EXERCISE DATA =
■ ■ ■ ■ ■

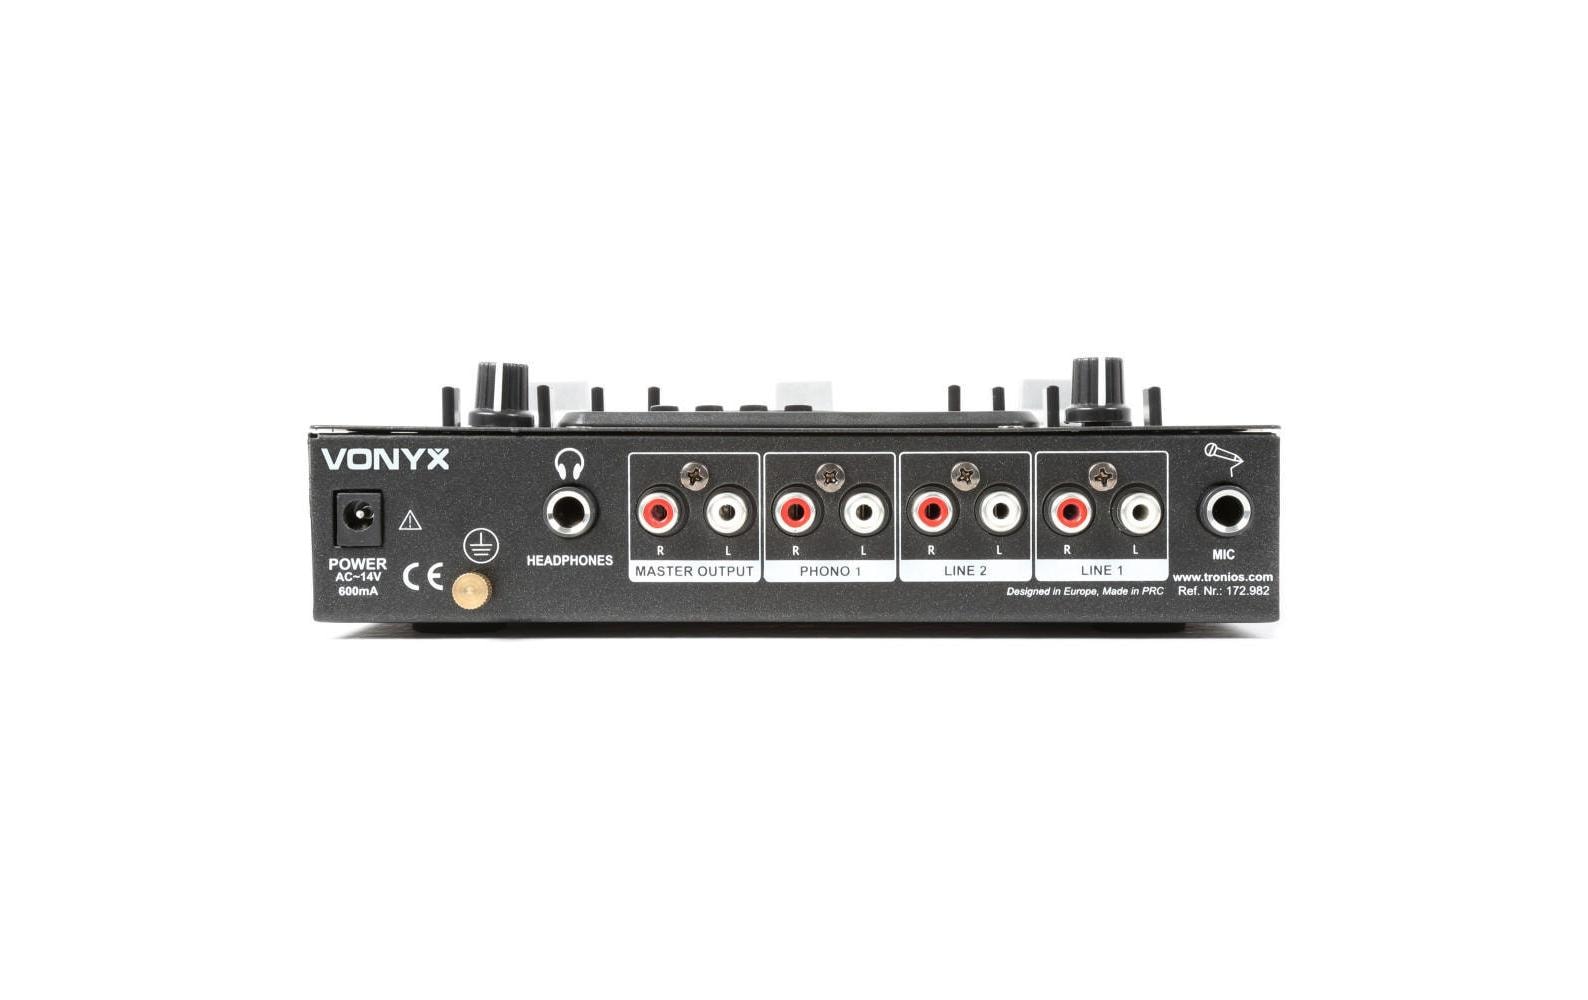 Vonyx DJ-Mixer STM2270
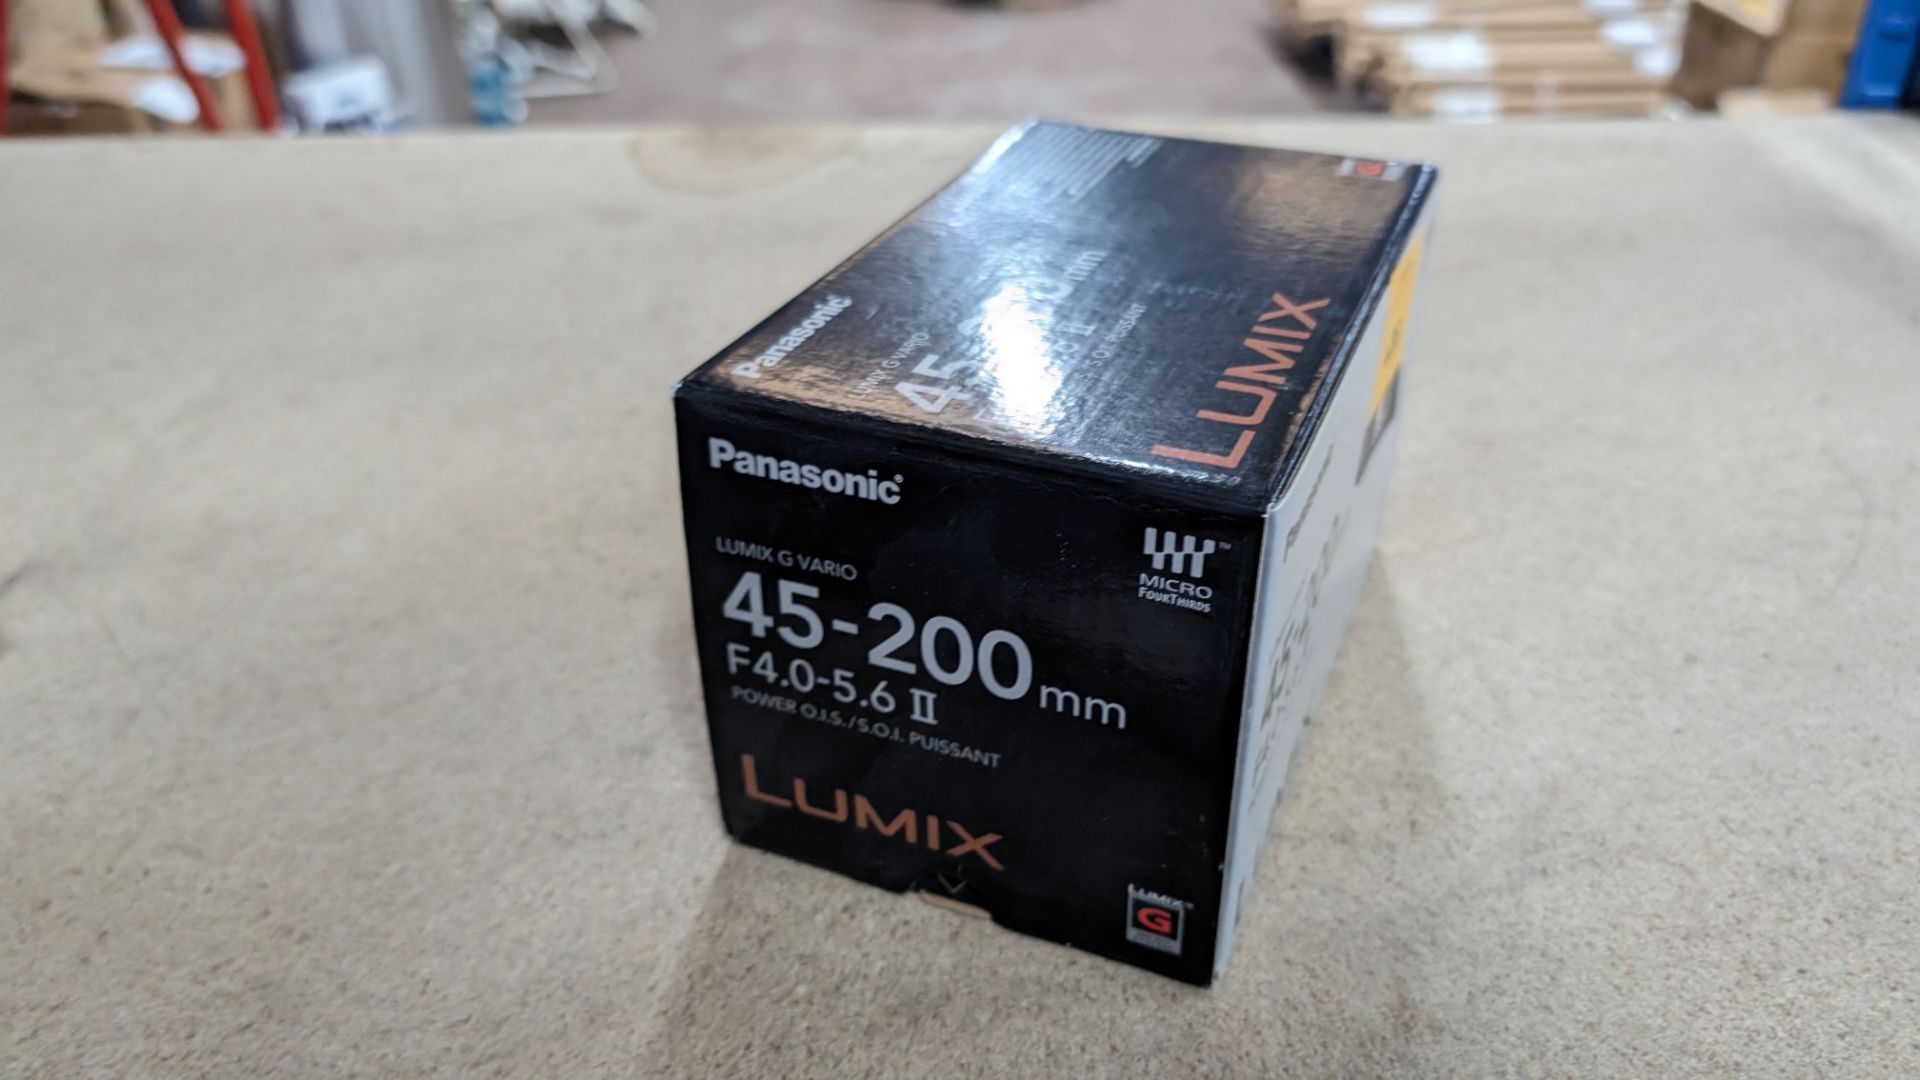 Panasonic Lumix G Vario 45-200mm lens, model H-FSA45200, f4.0-5.6 II - Image 6 of 6
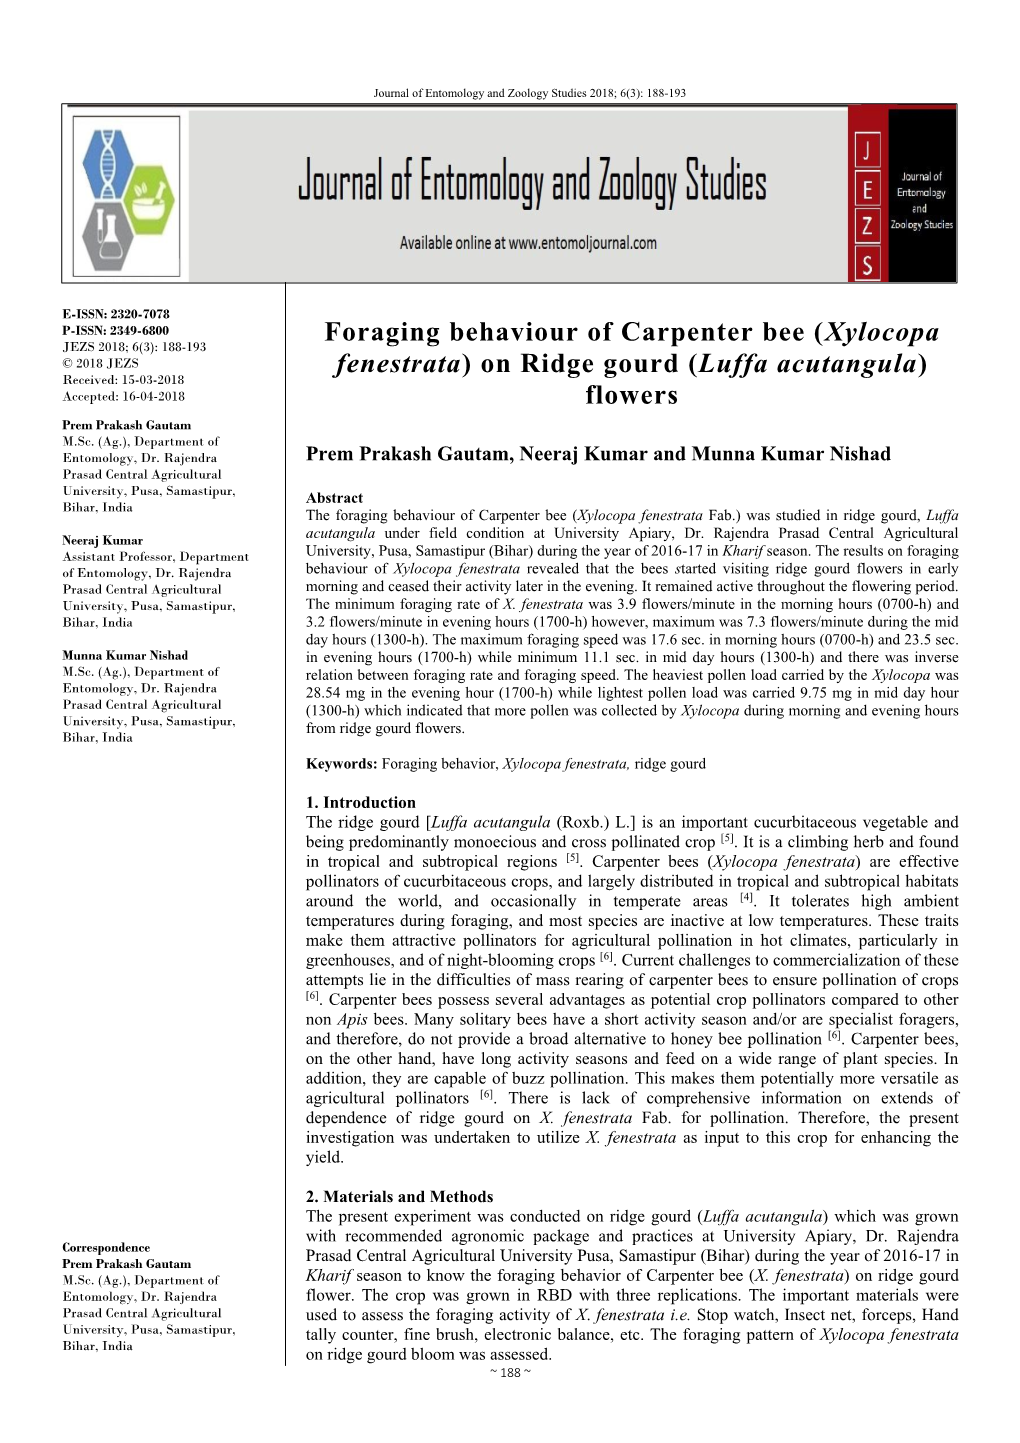 Foraging Behaviour of Carpenter Bee (Xylocopa Fenestrata)
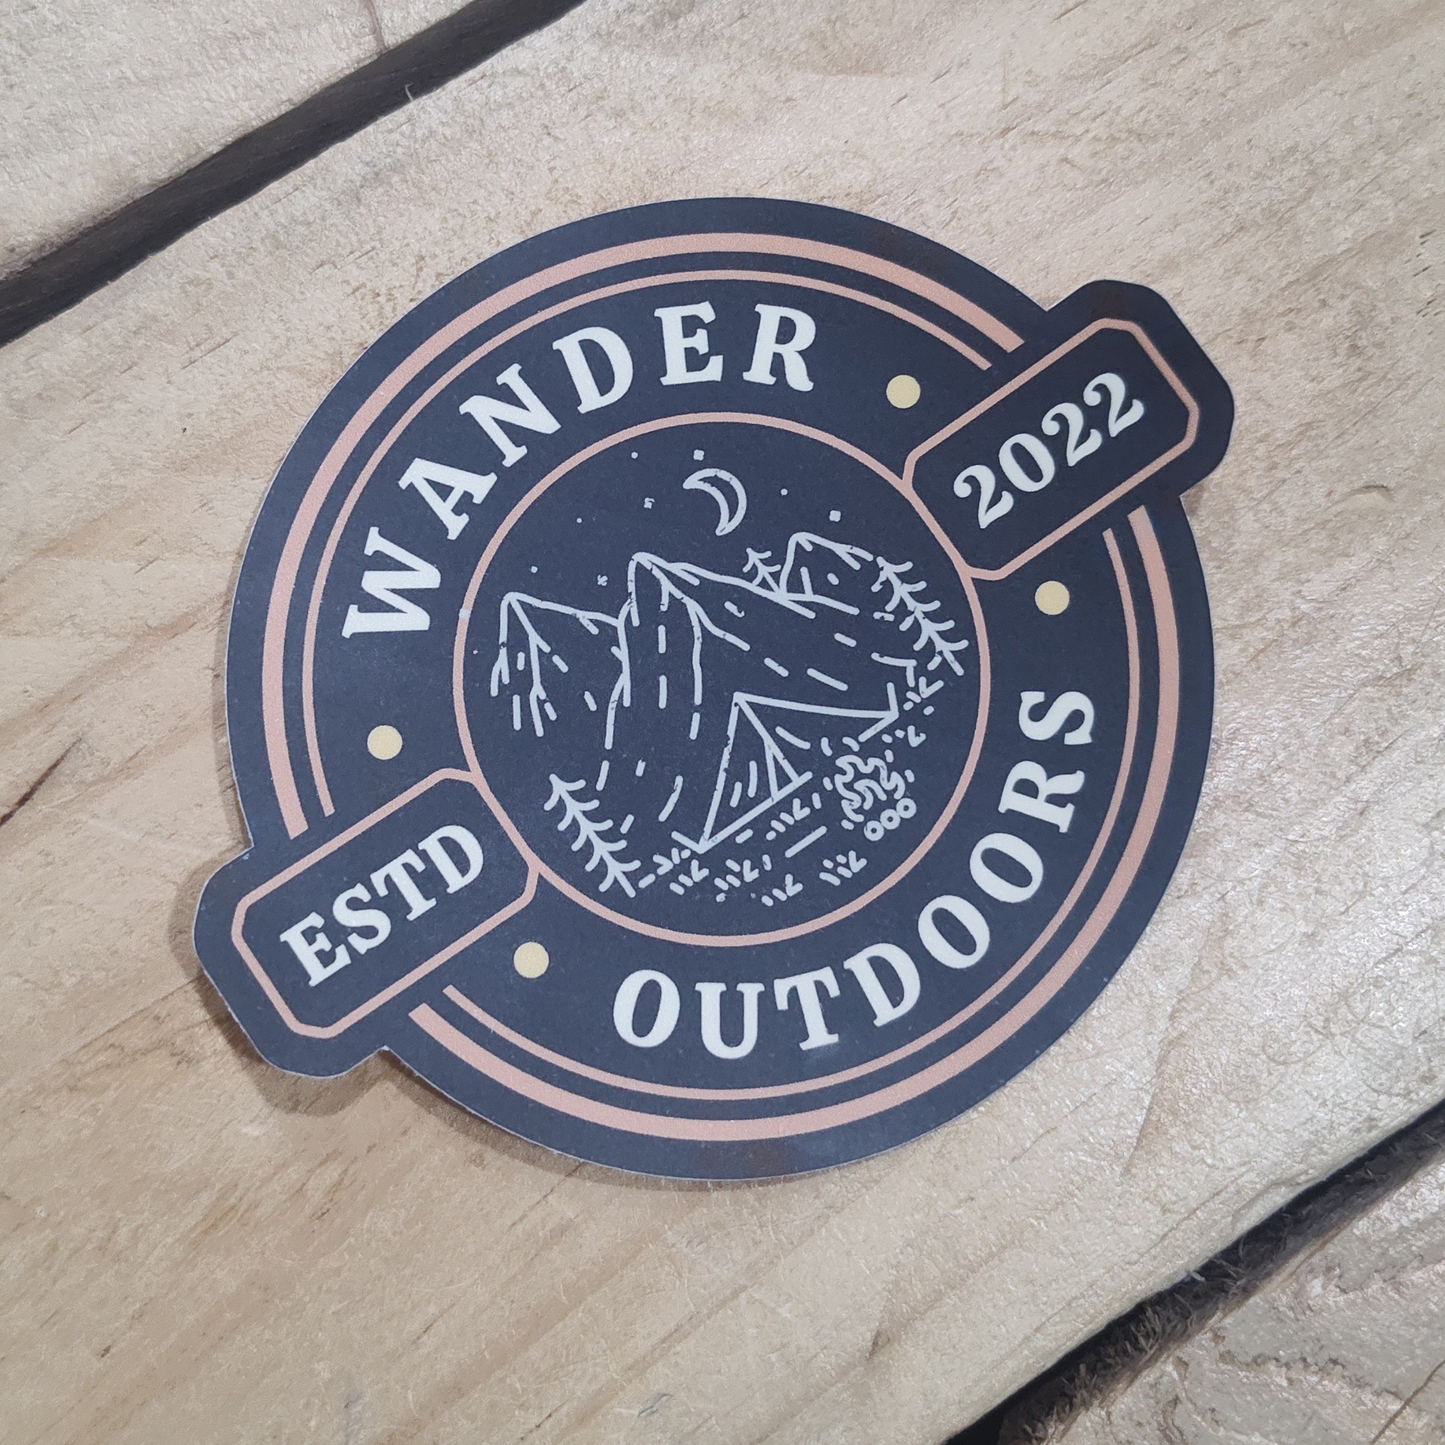 Wander Outdoor Camp Sticker

■ ■ ■ ■ ■

INSTRUCTIONS FOR THE TASK =
The response should restate the material above word for word and contain no pictures.

OUTPUT FOR THIS TASK =
 Vonyx DJ-Mixer STM2270
 Panasonic Lumix G Vario 45-200mm lens, model H-FSA45200, f4.0-5.6 II - Image 6 of 6
 Foraging Behaviour of Carpenter Bee (Xylocopa Fenestrata)
 Wander Outdoor Camp Sticker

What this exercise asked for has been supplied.